→ **Try it**:
Starting with the line that contains "Windows 10 Official", return every line through the end of the listing below exactly as written. Omit the pictures.

------------------------------

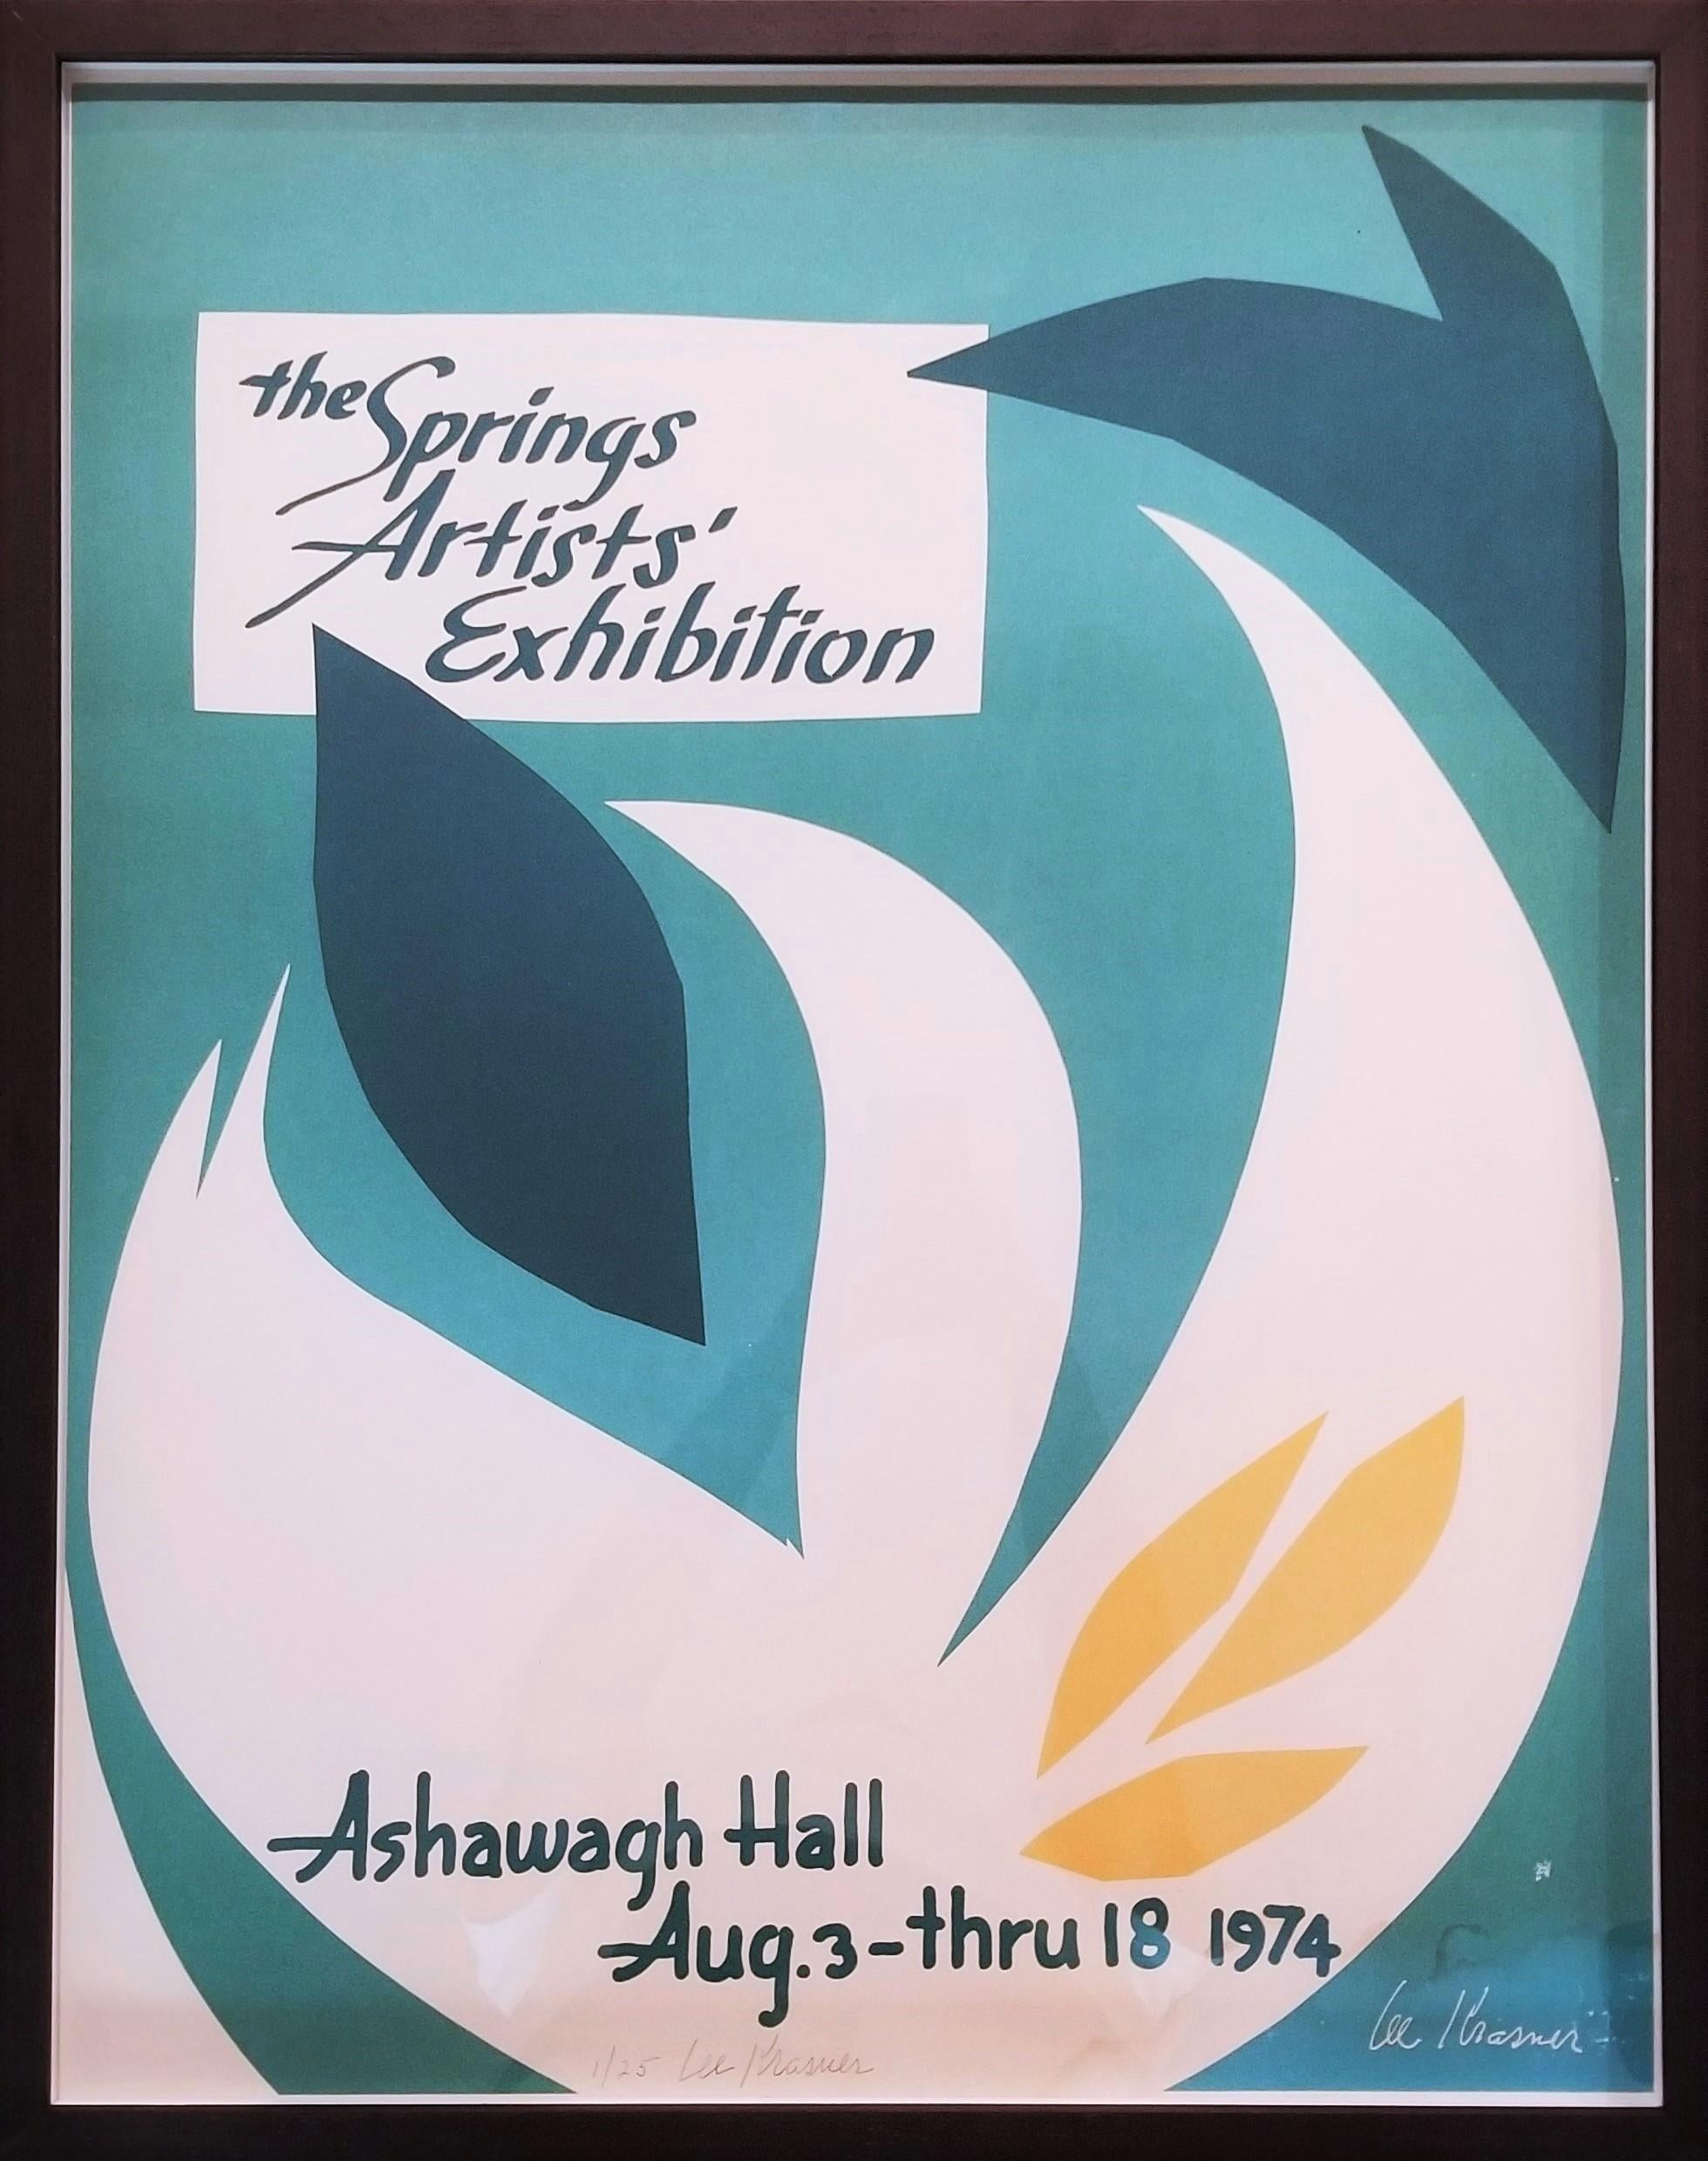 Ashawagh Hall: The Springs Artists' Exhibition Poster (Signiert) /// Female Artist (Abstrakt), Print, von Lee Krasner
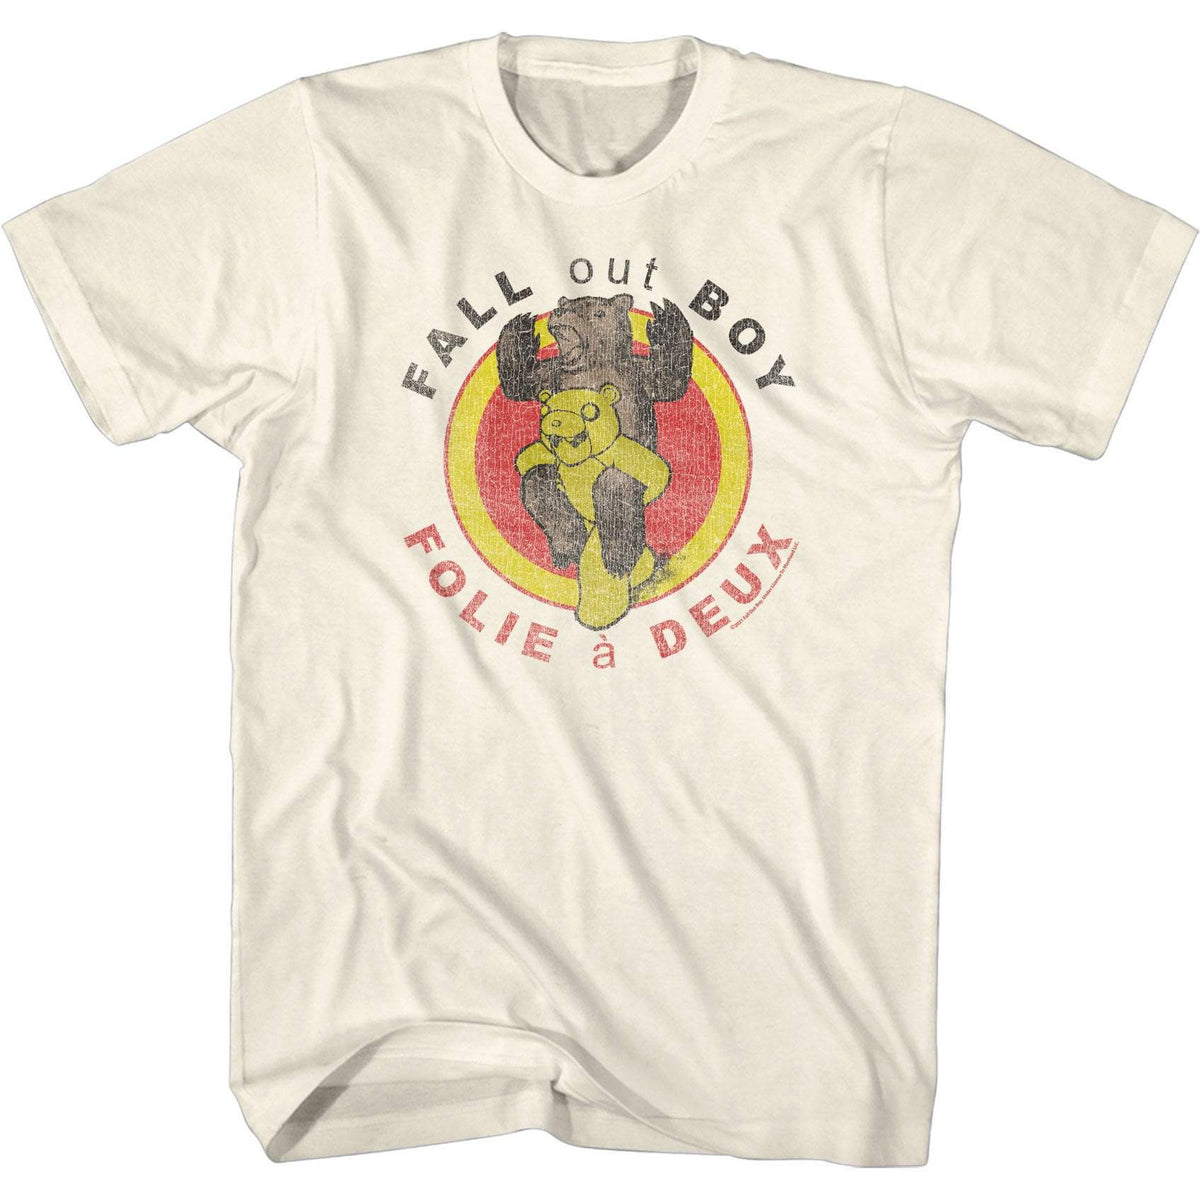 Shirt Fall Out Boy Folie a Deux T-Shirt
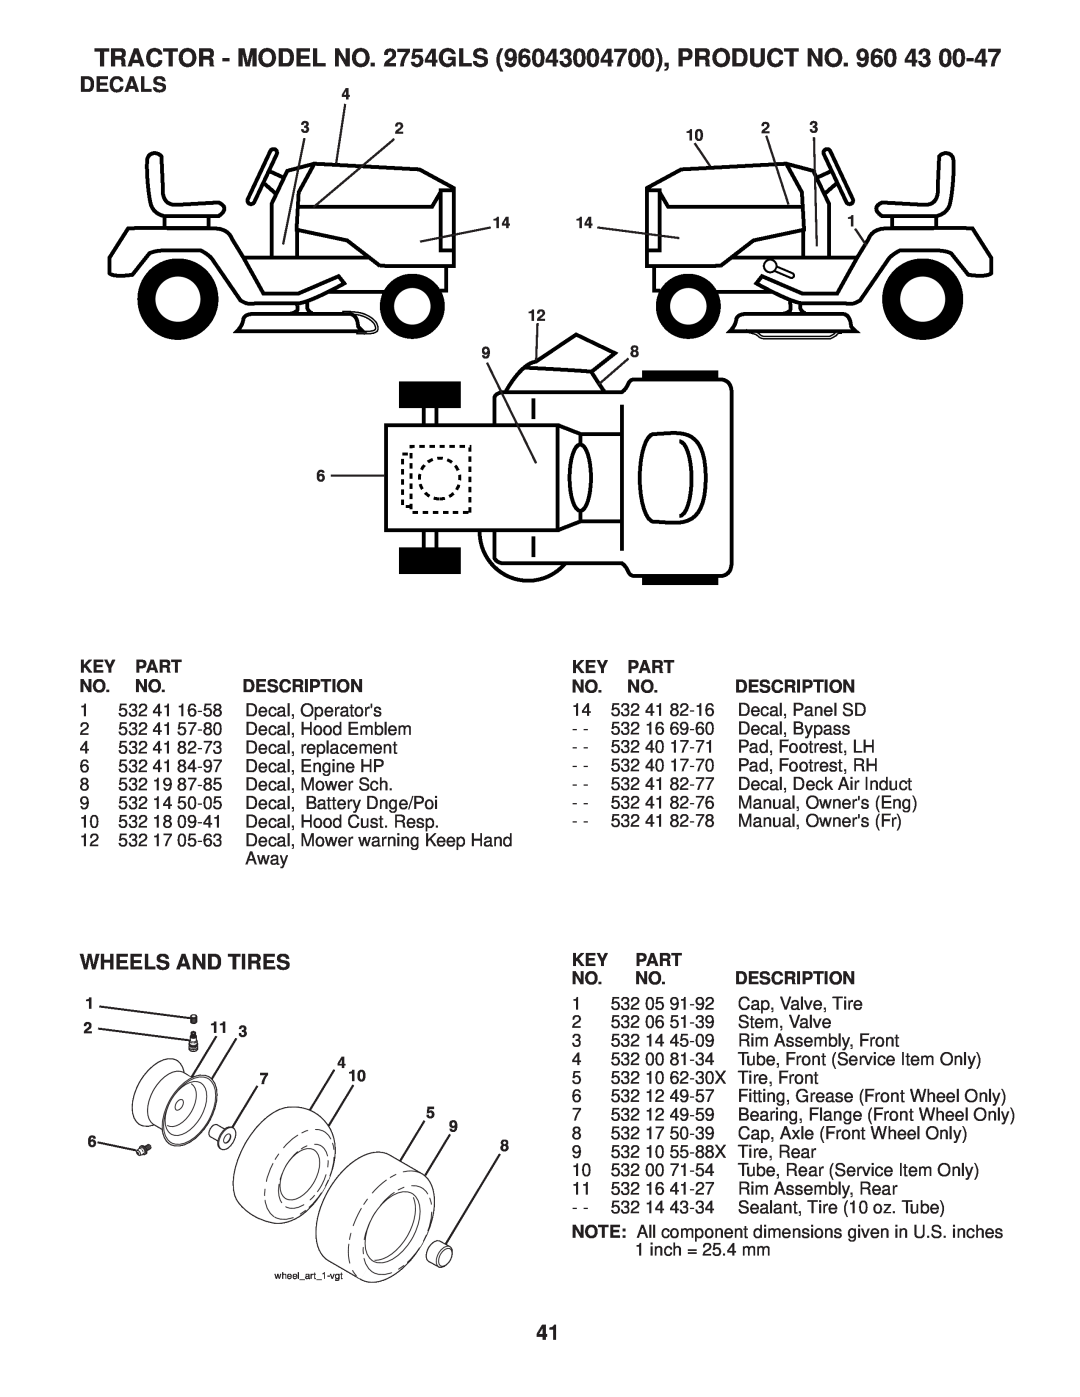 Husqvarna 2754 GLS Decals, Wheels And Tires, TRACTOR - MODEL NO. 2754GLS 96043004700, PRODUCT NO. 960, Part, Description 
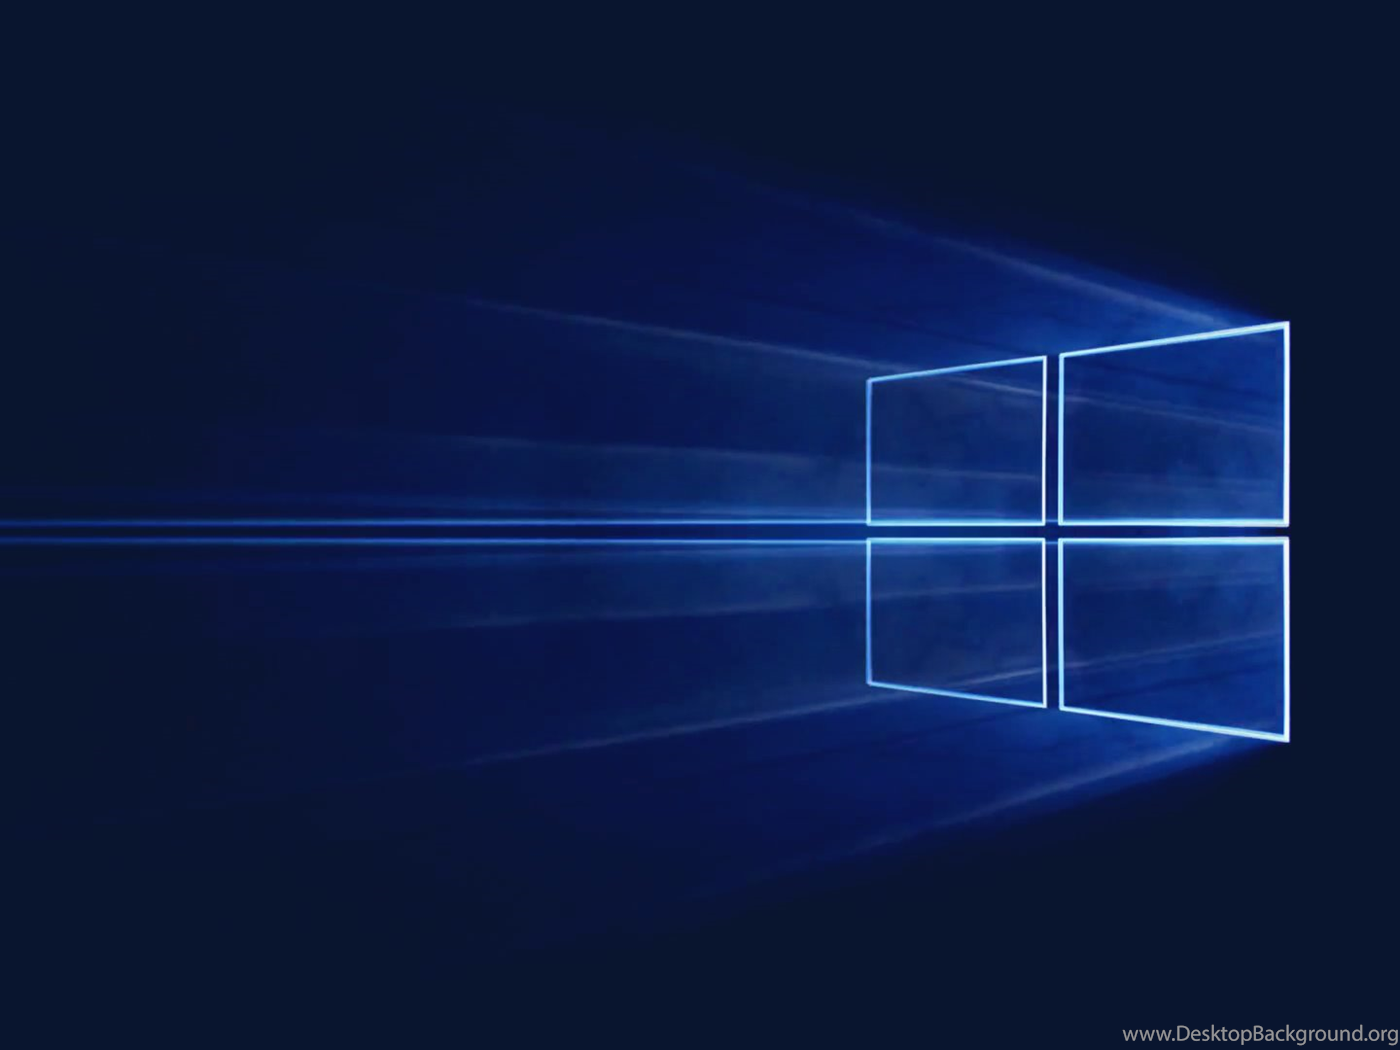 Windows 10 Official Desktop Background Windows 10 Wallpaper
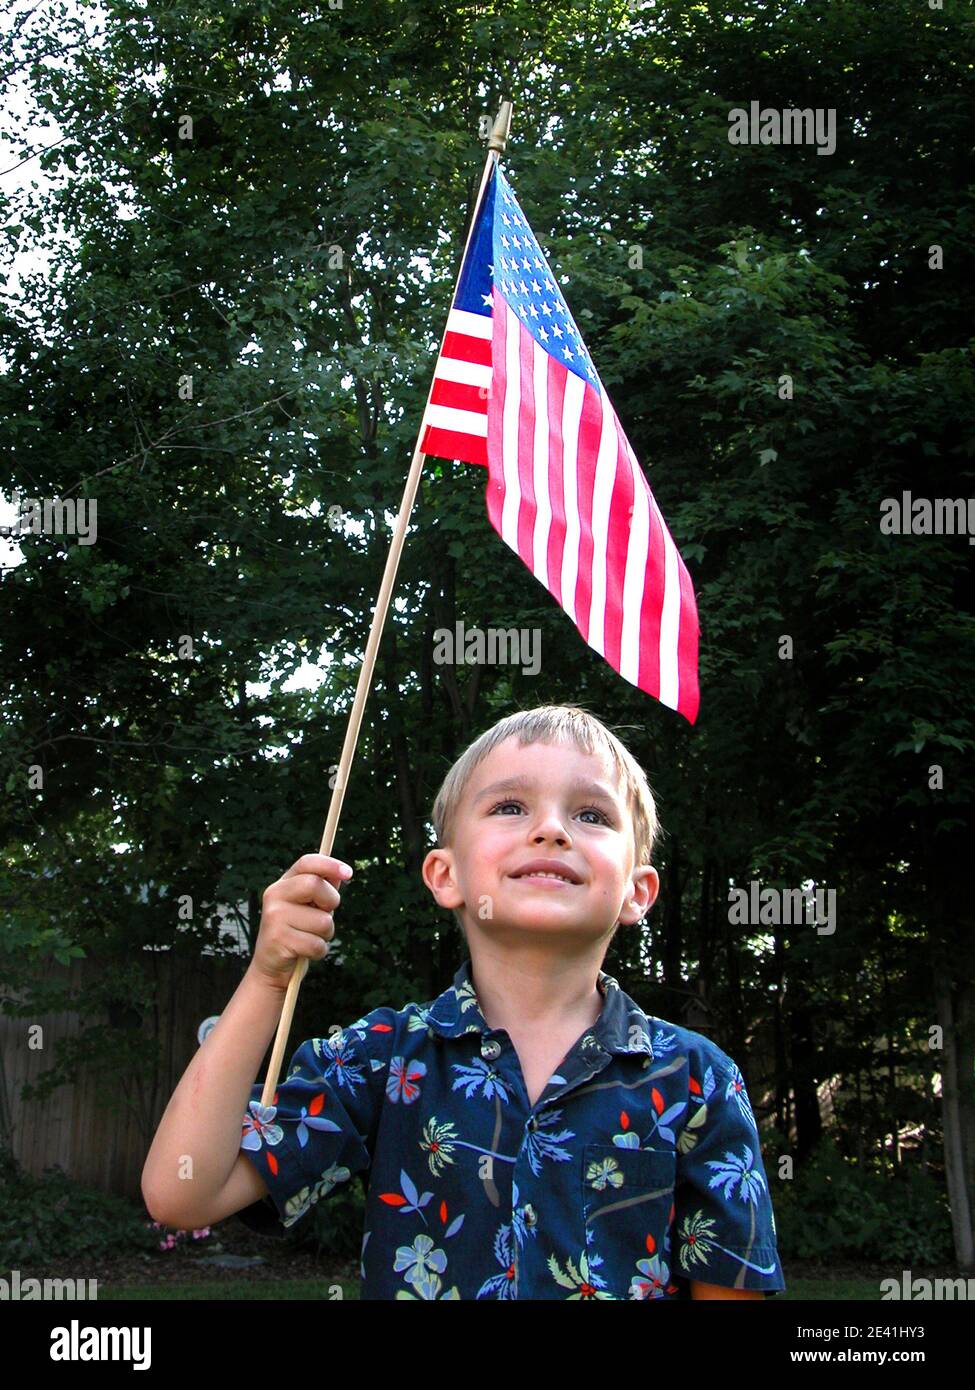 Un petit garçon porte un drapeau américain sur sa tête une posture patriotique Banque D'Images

------------------------------

→ **Task output**:
 Windows 10 Official Desktop Background Windows 10 Wallpaper
 Un petit garçon porte un drapeau américain sur sa tête une posture patriotique Banque D'Images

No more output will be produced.